Generalizing Segment Trees in Rust

Правка en5, от EbTech, 2019-07-25 22:01:00

I recently completed a project, to solve a very general version of the associative range query problem using Rust's polymorphism. These are solved with some variation of segment trees; I prefer to call my generalized version an arq tree: "arq" is pronounced "arc" which has a similar meaning to segment, but also stands for "associative range query".

Associativity and Semigroups

You being with a finite array of elements a_1, a_2, a_3, ..., a_n. Each a_i belongs to a semigroup (S, +), where + stands for any associative binary operation on S.

Associative Law: +: S x S -> S such that (a + b) + c = a + (b + c) for all a, b, c in S.

Because + is associative, we can drop the parentheses and talk about range aggregates of the form a_l + a_{l+1} + ... a_r.

The ARQ Problem

In the Associative Range Query problem, we wish to support two types of operations: - Given bounds l and r, compute the aggregate a_l + a_{l+1} + ... a_r - Given bounds l and r, and a function f: S -> S, replace a_i with f(a_i) for all l <= i <= r.

In typical instances where computing a + b or f(a) take O(1) time, we wish to support each operation in O(log n) time.

Identity and Monoids

The segment tree is often presented as operating on monoids instead of semigroups. A monoid is simply a semigroup with a special identity element:

Identity Law: id in S such that a + a + id = id + a = a for all a in S.

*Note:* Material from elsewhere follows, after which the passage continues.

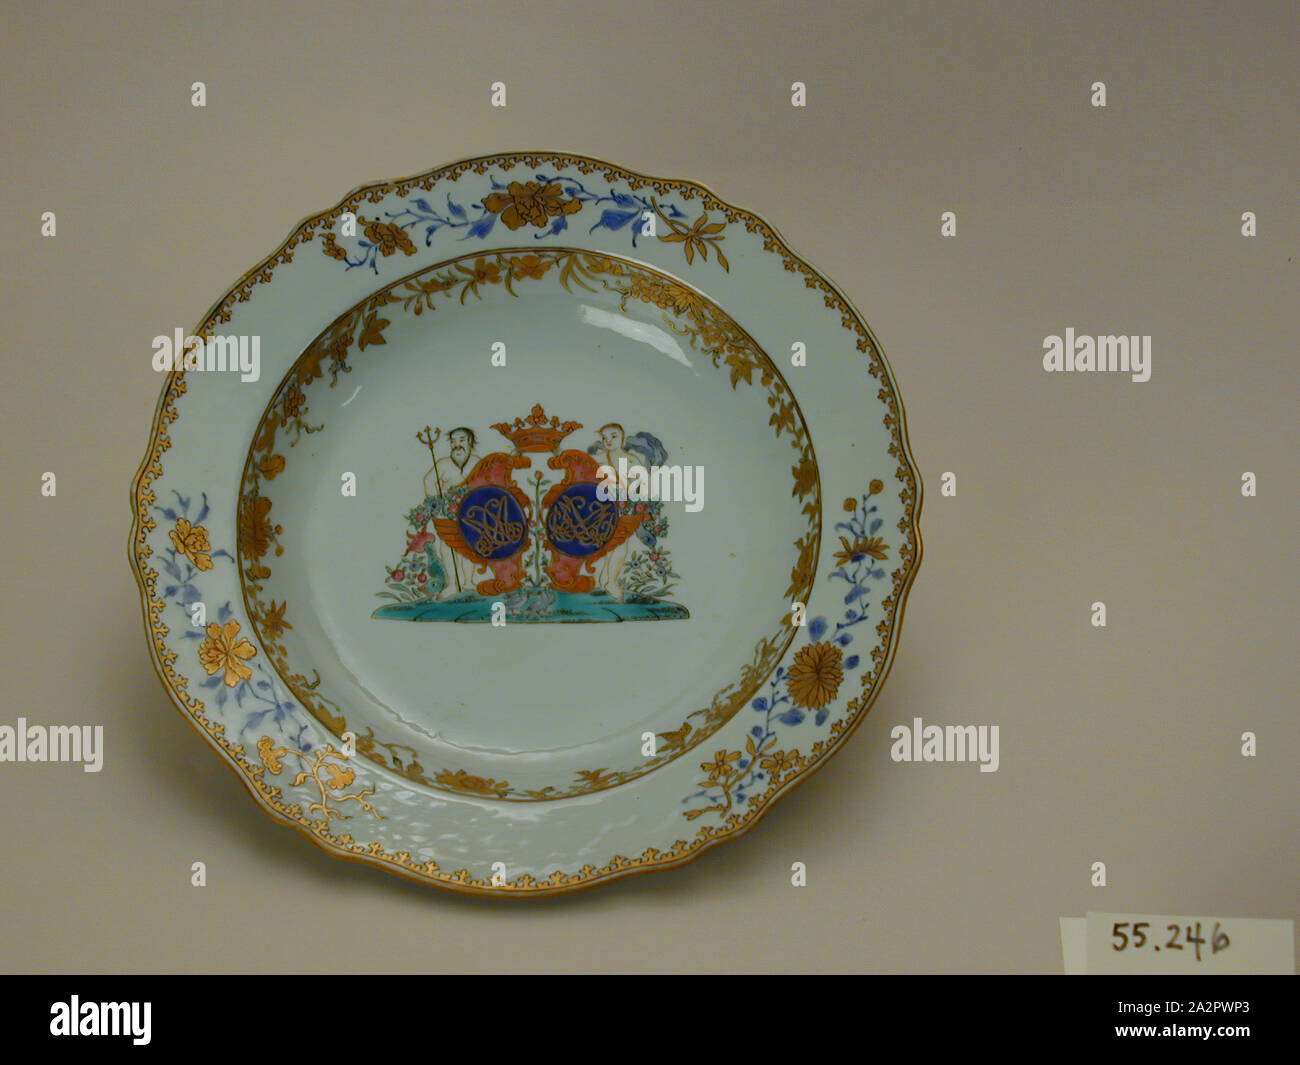 Inconnu (Chinois), assiette à soupe, fin du xviiie siècle, émaillée porcelaine pâte dure avec émail polychrome et dorure, Hauteur x diamètre : 1 1/8 x 9 in. (2,9 x 22,9 cm Banque D'Images

Here's how you would represent Semigroup and Monoid as traits in Rust. The programmer must verify that each function satisfies its corresponding law:

trait Semigroup {
    fn compose(&self, other: &Self) -> Self;
}

trait Monoid: Semigroup {
    fn identity() -> Self;
}

In practice the trait bound Monoid turns out to be equivalent to Semigroup + Clone, and either of the two would suffice for our purposes. A semigroup can trivially be extended into a monoid by adding an identity element, and a monoid can implement Clone via composition with the identity element:

impl<T: Semigroup + Clone> Semigroup for Option<T> {
    fn compose(&self, other: &Self) -> Self {
        match self {
            Some(ref a) => match other {
                Some(ref b) => Some(a.compose(b)),
                None => self.clone()
            },
            None => other.clone()
        }
    }
}

impl<T: Semigroup + Clone> Monoid for Option<T> {
    fn identity() -> Self {
        None
    }
}

impl<T: Monoid> Clone for T {
    fn clone(&self) -> Self {
        self.compose(T::identity())
    }
}

Note that if a type implements Monoid, then Clone is not needed since a copy can be generated by composition with the indentity. We could have made our arqtree operate on elements of a type implementing Semigroup + Clone, but I think it's more convenient to work with Monoid. And so, we have our arqtree API:

pub struct ArqTree<T> {
    val: Vec<T>
}

impl<T: Monoid> ArqTree<T> {
    fn modify(&mut self, pos: usize, f: &dyn Fn(&T) -> T) {
        // implement modify
    }
    
    fn query(&self, l: usize, r: usize) -> T {
        // implement query
    }
}

However, this will not suffice when we need to do range updates! In order to update an entire range efficiently, we will need to apply f lazily, storing it in internal nodes of the tree. If multiple updates are performed, we may have to store a composition of updates for postponed application. While one may implement a composition operation f \circle g which simply calls applies g first and then f, this makes the cost of function application no longer O(1)!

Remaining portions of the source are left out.